In the dumbest movie they can play it on us with a sunrise and a passage of adagio Vivaldi --
all the reason more to love it and to loathe it, this always barely choked-back luscious flood,
this turbulence in breast and breath that indicates a purity residing somewhere in us,
redeeming with its easy access the thousand lapses of memory shed in the most innocuous day
and canceling our rue for all the greater consciousness we didn’t have for past, lost presents.

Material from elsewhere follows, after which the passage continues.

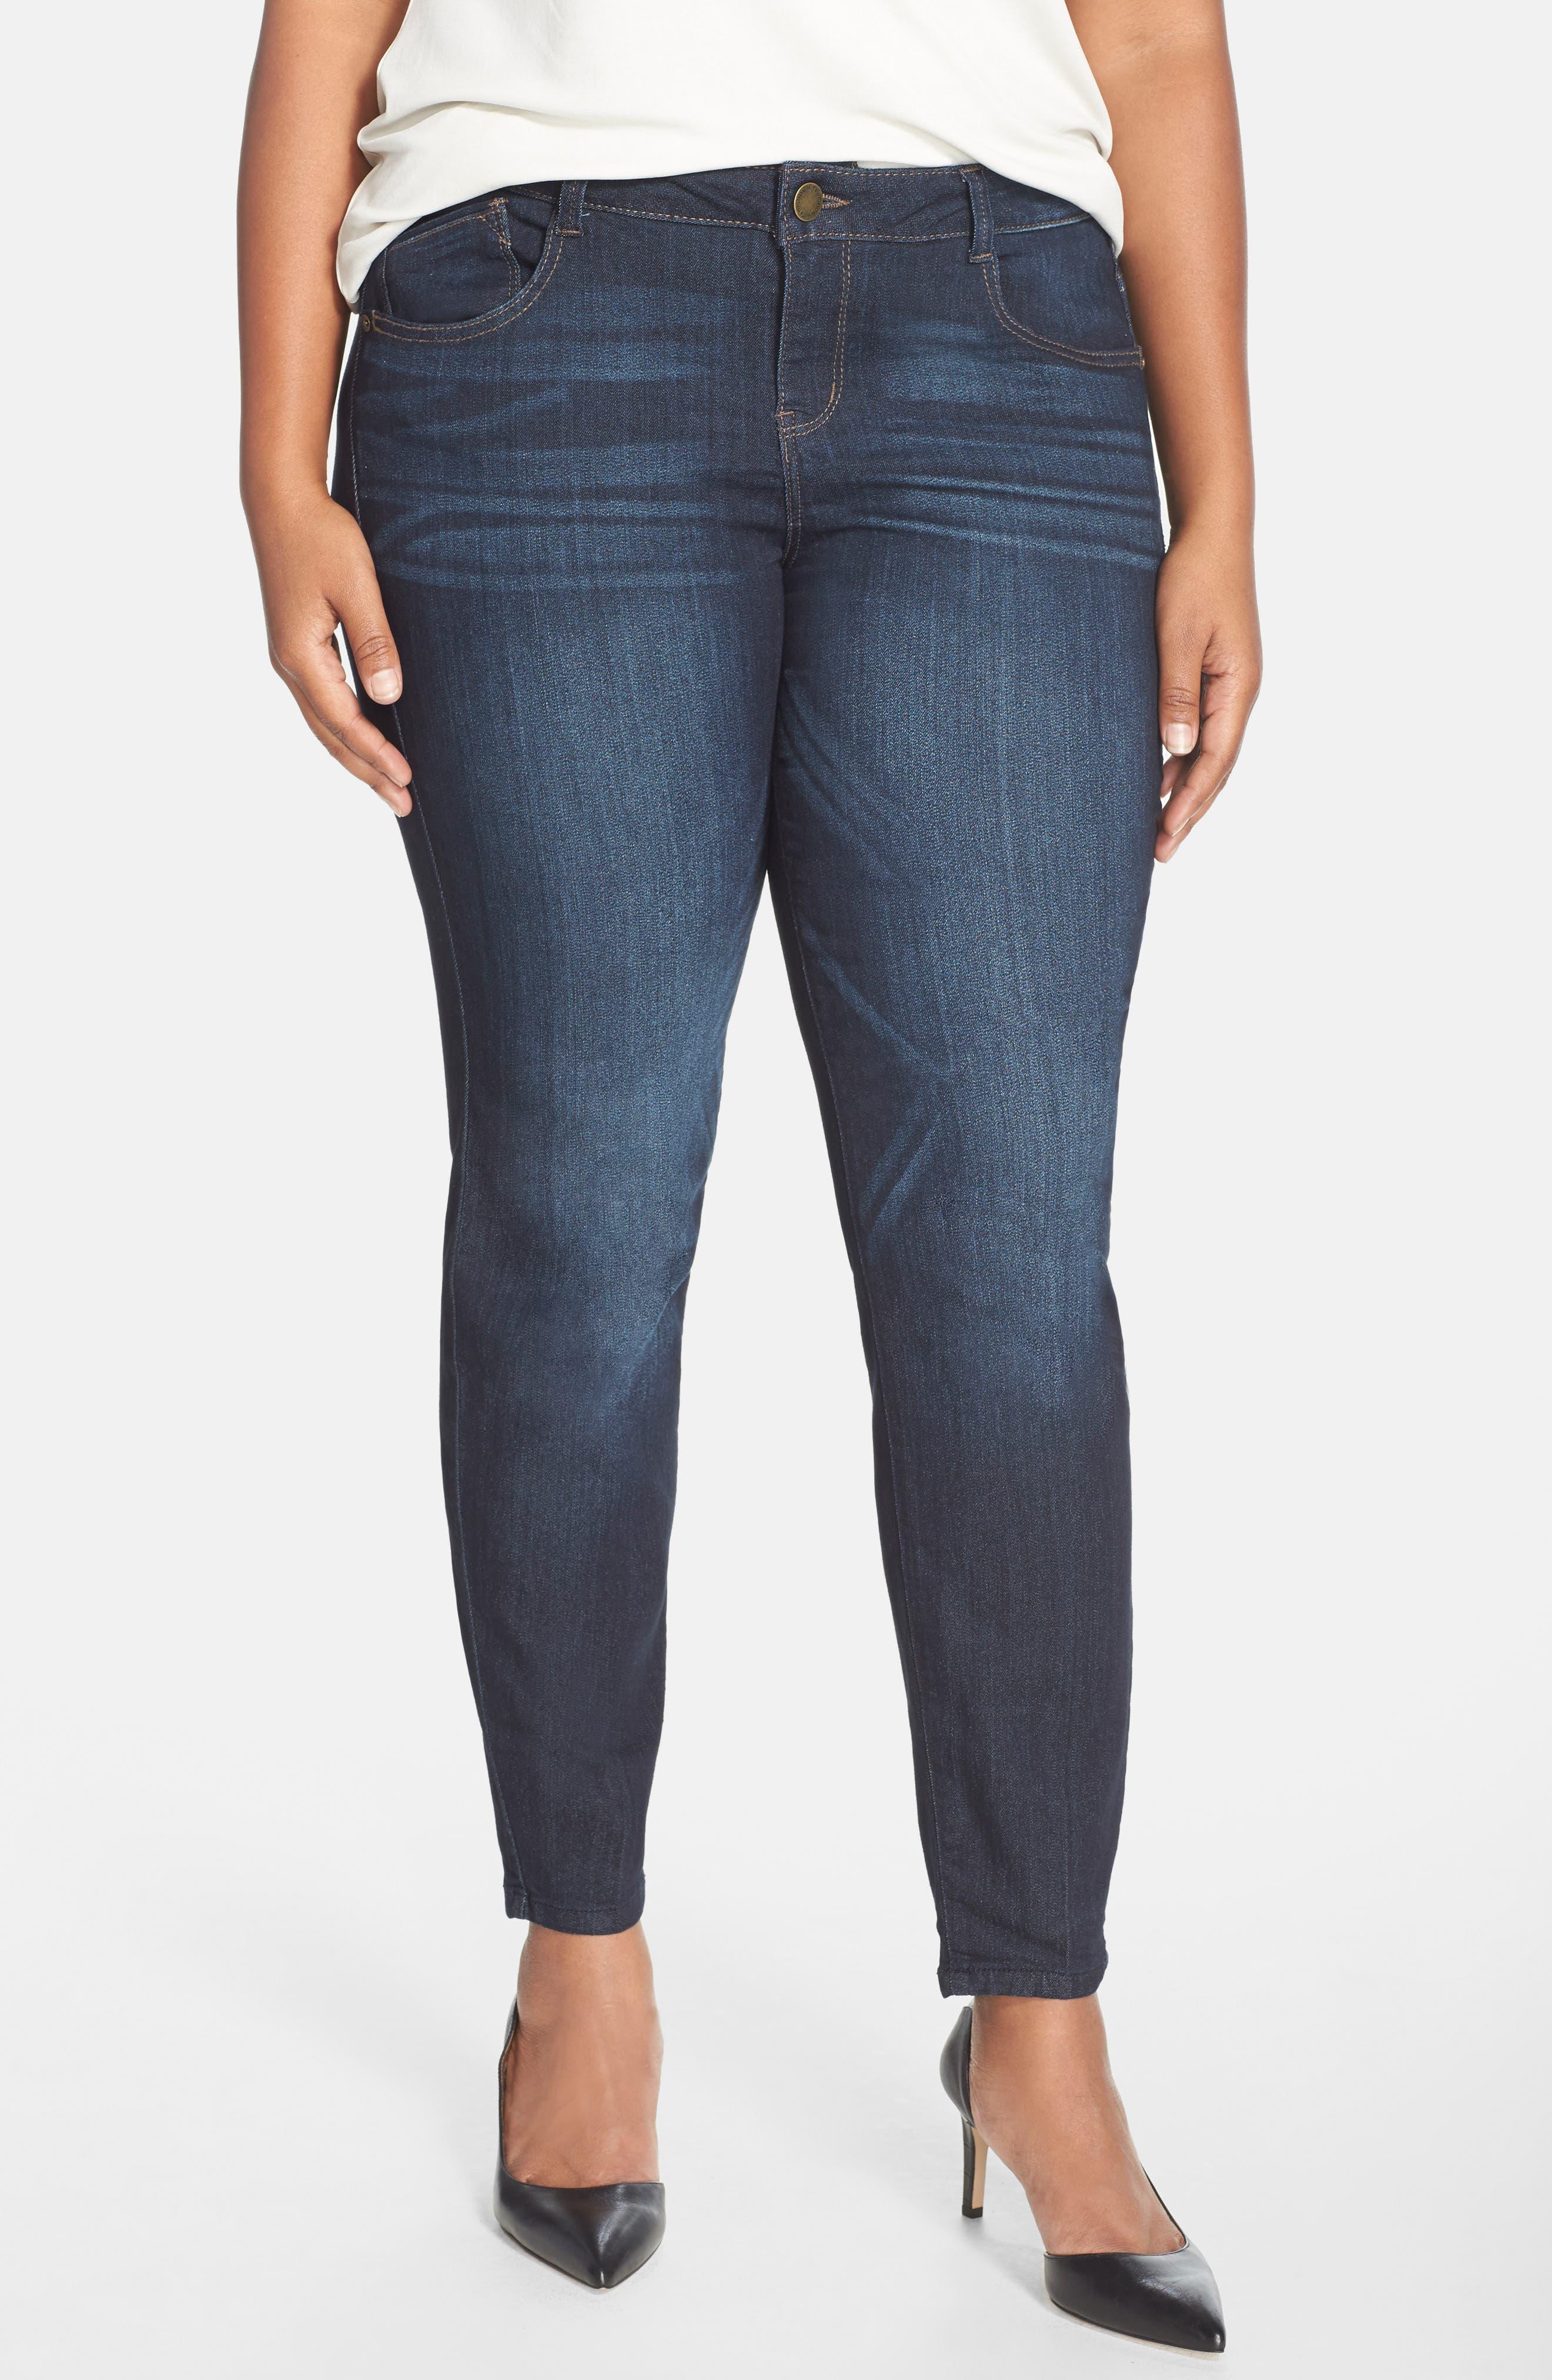 Plus Women's Wit & Wisdom 'Super Smooth' Stretch Skinny Jeans

Its illusion is that we’ll retain this new, however hammy past more thoroughly than all before,
its reality that though we know by heart its shabby ruses, know we’ll misplace it yet again,
it’s what we have, a stage light flickering to flood, chintz and gaud, and we don’t care.

C.K. Williams

Who doesn’t love a big dose of nostalgia, even though some other part of us simultaneously tries to resist its allure? Williams’ description – “this always barely choked-back luscious flood” – is so apt. Try as we will to seize the day, be here now, be mindful of the present, we know we’re constantly losing our past – the “lost presents” – every hour and every minute. Life – it’s all we have, and it’s always slipping away from us. So, even though “we know we’ll misplace it yet again . . . we don’t care.” This little poem is so good.